Argyle Security, Inc. (the “Company”) previously reported on a Current Report on Form 8-K dated October 1, 2009, that by a written consent dated October 1, 2009 (the “Stockholder Consent”), the holders of a majority of the issued and outstanding shares of the Company’s common stock, $.0001 par value, and the Company’s Series B Convertible Preferred Stock, $.0001 par value per share, voting together as a class, on an as-converted basis, approved the following actions (collectively, the “Stockholder Consent Actions”):
(A) The amendment and restatement of the Company’s Bylaws; and
(B) The appointment and election of James Read, Robert Davies, Mark Evers, Shawn St. Jean, Bradley Jay, Bal Johal, Luke Jones and Ian Wallis to fill eight (8) newly created directorships in the Board created by the increase in the number of directors constituting the entire Board from six (6) to fourteen (14).

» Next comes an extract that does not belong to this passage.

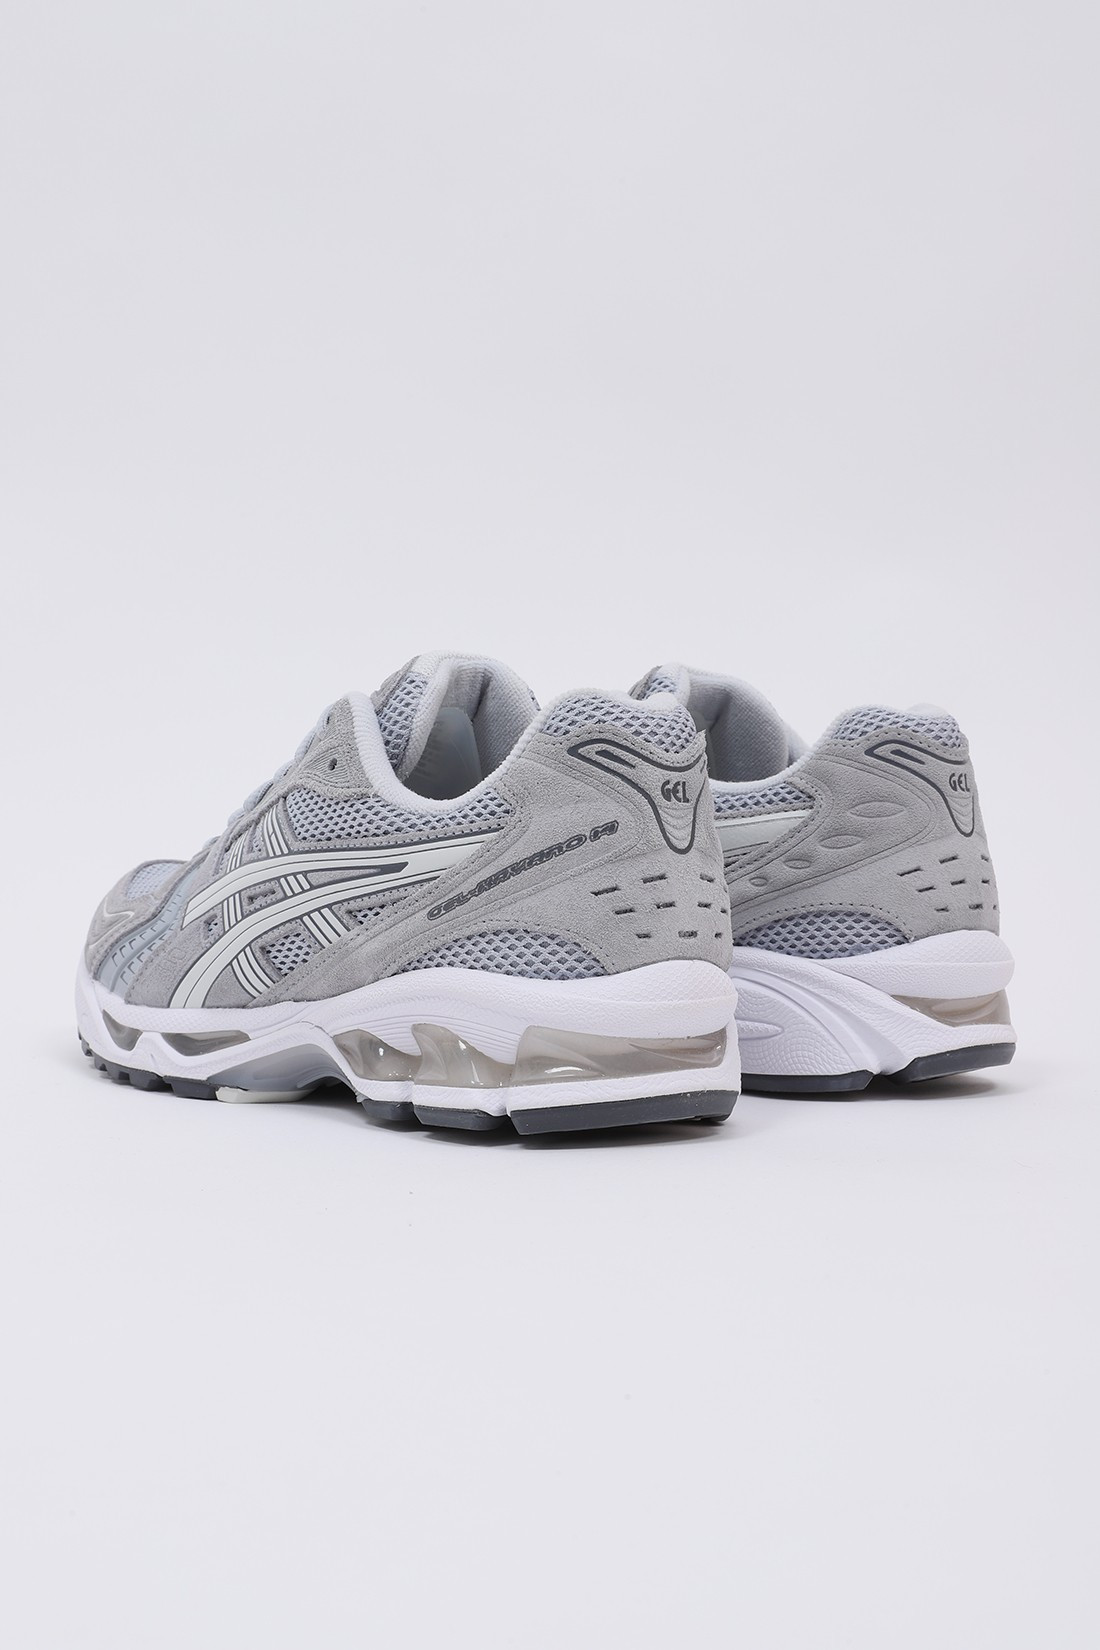 ASICS / Gel kayano 14 Piedmont grey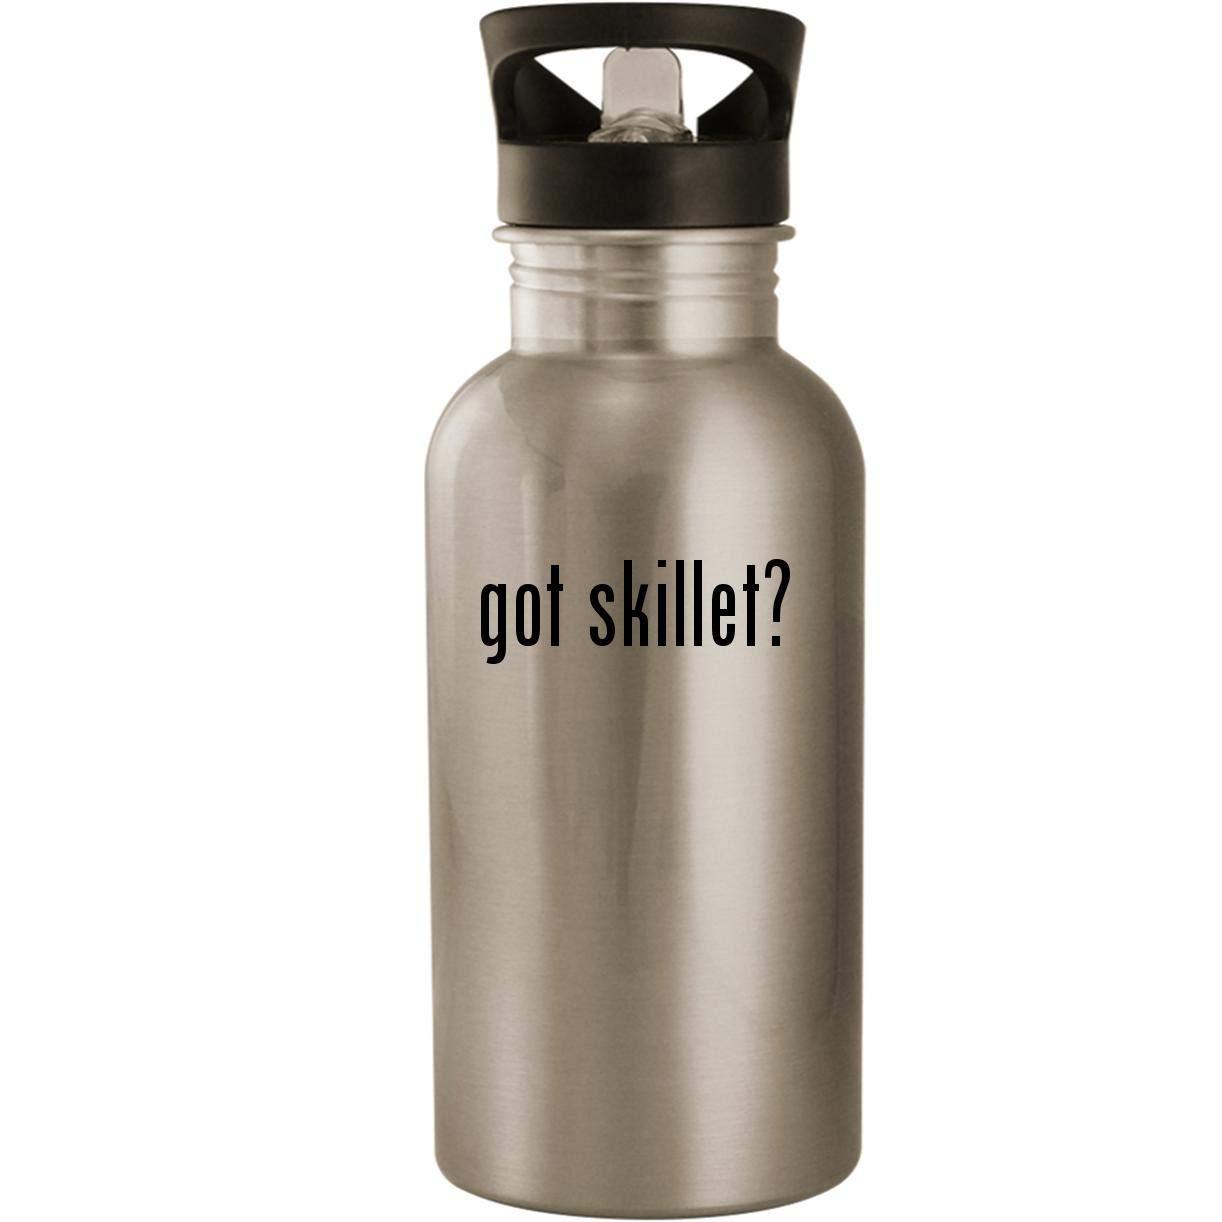 got skillet - ステンレススチール製20オンスのロード対応ウォーターボトル。 シルバー US-C-07-18-01-052977-04-26-18-26 B07GN91TLH シルバー

Effective October 12, 2009, each of Lloyd E. Campbell, John “Chip” Smith and General Wesley K. Clark resigned as a director of the Company. At the time of his resignation, Mr. Campbell served as Chairman of the Corporate Governance and Nominating Committee and as a member of the Audit and the Compensation Committees of the Board of Directors of the Company, Mr. Smith served as Chairman of the Compensation Committee and as a member of the Audit and the Corporate Governance and Nominating Committees of the Board of Directors of the Company, and Gen. Clark served as a member of the Compensation Committee of the Board of Directors of the Company.
The Company wants to thank General Clark, Mr. Smith and Mr. Campbell for their exceptional service as directors over the past several years.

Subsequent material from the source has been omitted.